Meu nariz dilatou enquanto eu fechava as mãos em punhos. Antes que eu respondesse, alguém parou do meu lado. “Quanto ela te deve?”
Virei a cabeça num estalo pro homem ao meu lado — um cara de terno. “O-o que você tá fazendo?”
“Quem é você?” Heath perguntou, olhando pra ele, que era mais alto e mais largo do que ele.
O cara do terno o ignorou. Enfiou a mão no bolso do paletó e tirou dinheiro de uma carteira com presilha.
“Não. Você não pode fazer isso.” Empurrei o dinheiro de volta. “Eu nem te conheço.”
“Eu aceito. Dois dias, Maverick, ou você vai achar suas coisas no lixo.” Heath já tinha arrancado o dinheiro da mão do cara do terno e virado as costas, sumindo no beco sem nem olhar pra trás.
“Esse é o seu ex?”
“Quem diabos é você?” Eu encarei ele com dureza.
“Owen Boone.” Ele estendeu a mão grande, como se fosse a coisa mais normal do mundo. “Me chama de Boone.”
“Quanto eu tô te devendo?” Apertei a mão dele com firmeza.
“Você não me deve nada. Meu chefe vai cobrir.”
“Como é?” Minhas sobrancelhas subiram. Meus olhos se arregalaram ainda mais.

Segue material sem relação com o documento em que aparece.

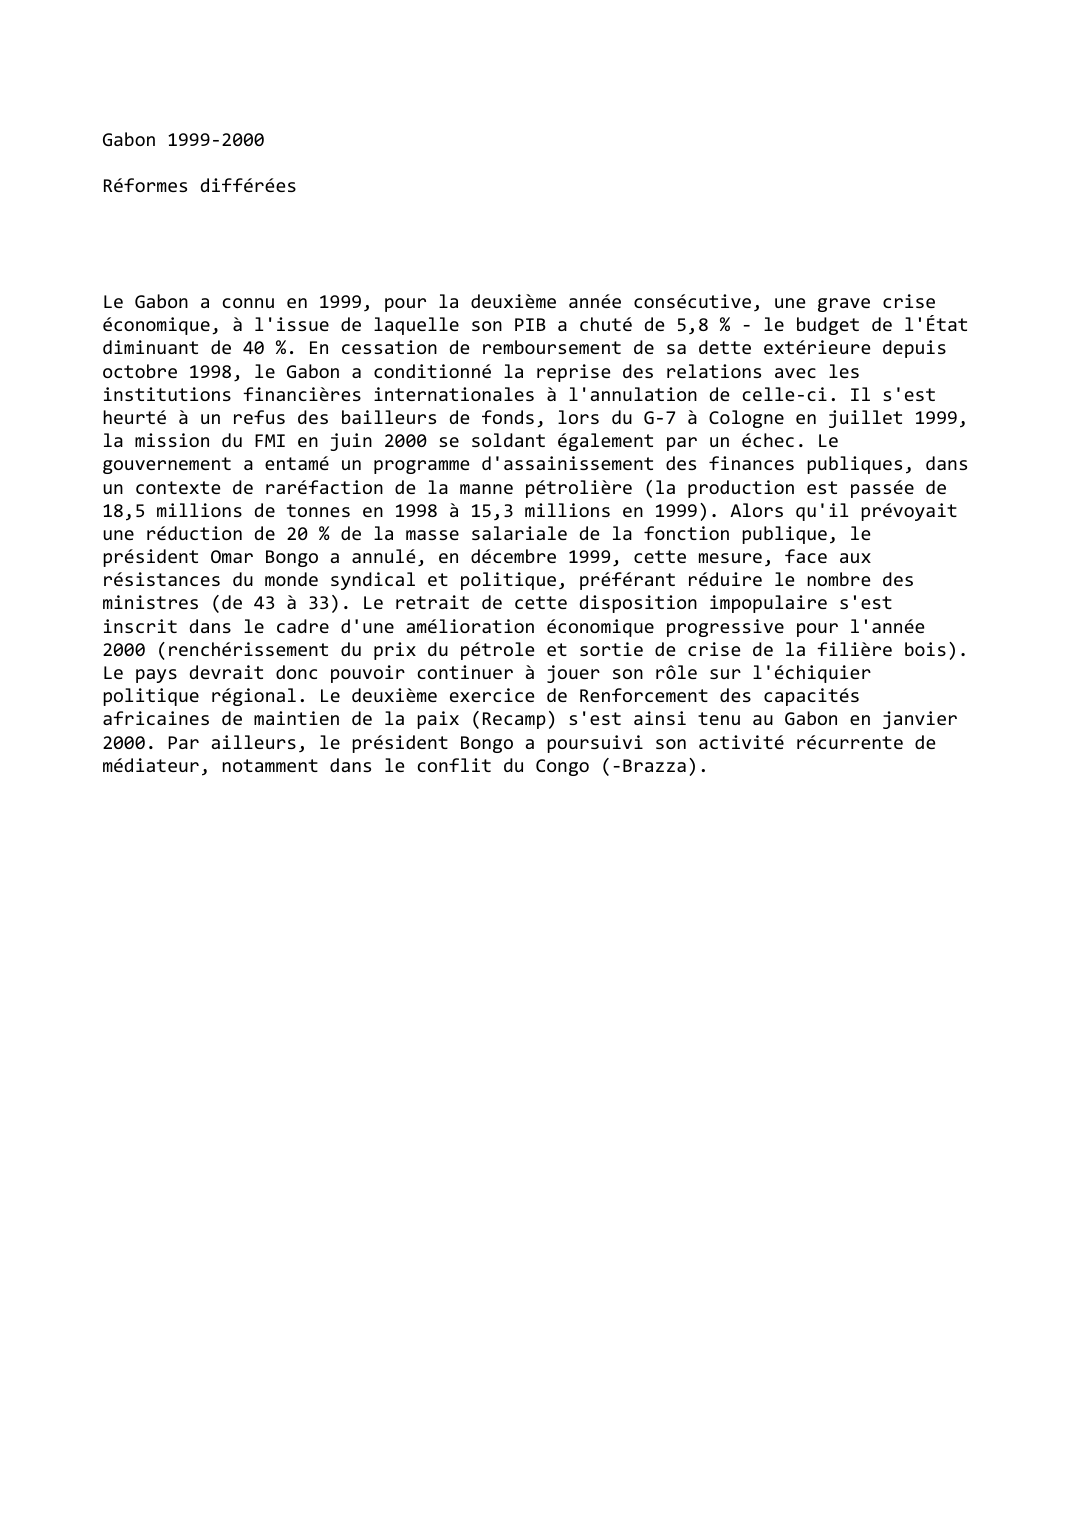 Prévisualisation du document Gabon (1999-2000): Réformes différées

“Eu tenho uma proposta pra você.”
“Não, obrigada, mas eu vou te pagar.” Dei alguns passos pra trás, fazendo um cumprimento rápido com a mão.
“Maverick, me escuta.”
Merda. Eu parei, me sentindo mal-educada e ingrata. “Obrigada por salvar minha pele. Que proposta?”
Demorei um tempo pra processar o que ele tinha acabado de jogar em cima de mim. Eu tentei abrir a boca pra dizer alguma coisa, mas meu cérebro travou. Gente rica fazia mesmo esse tipo de coisa?
“Maverick!” A voz do Rocco ecoou lá da saída, me assustando.
“Já vou aí, Rocco. Um minuto.”
Quando a porta se fechou, tudo que eu consegui fazer foi piscar, encarando Owen Boone.
“E então, o que você me diz?”
“Você quer que eu me case com o seu chefe por um ano, com uma mesada de dez mil dólares por mês, casa de graça, todas as despesas pagas, meu empréstimo da faculdade quitado e, no fim do acordo, eu ganho quinhentos mil dólares?”
“Sim.”
Bom… era tentador. “Qual é a pegadinha?”
“Sempre ser a esposa dele, ir a compromissos formais e suprir—”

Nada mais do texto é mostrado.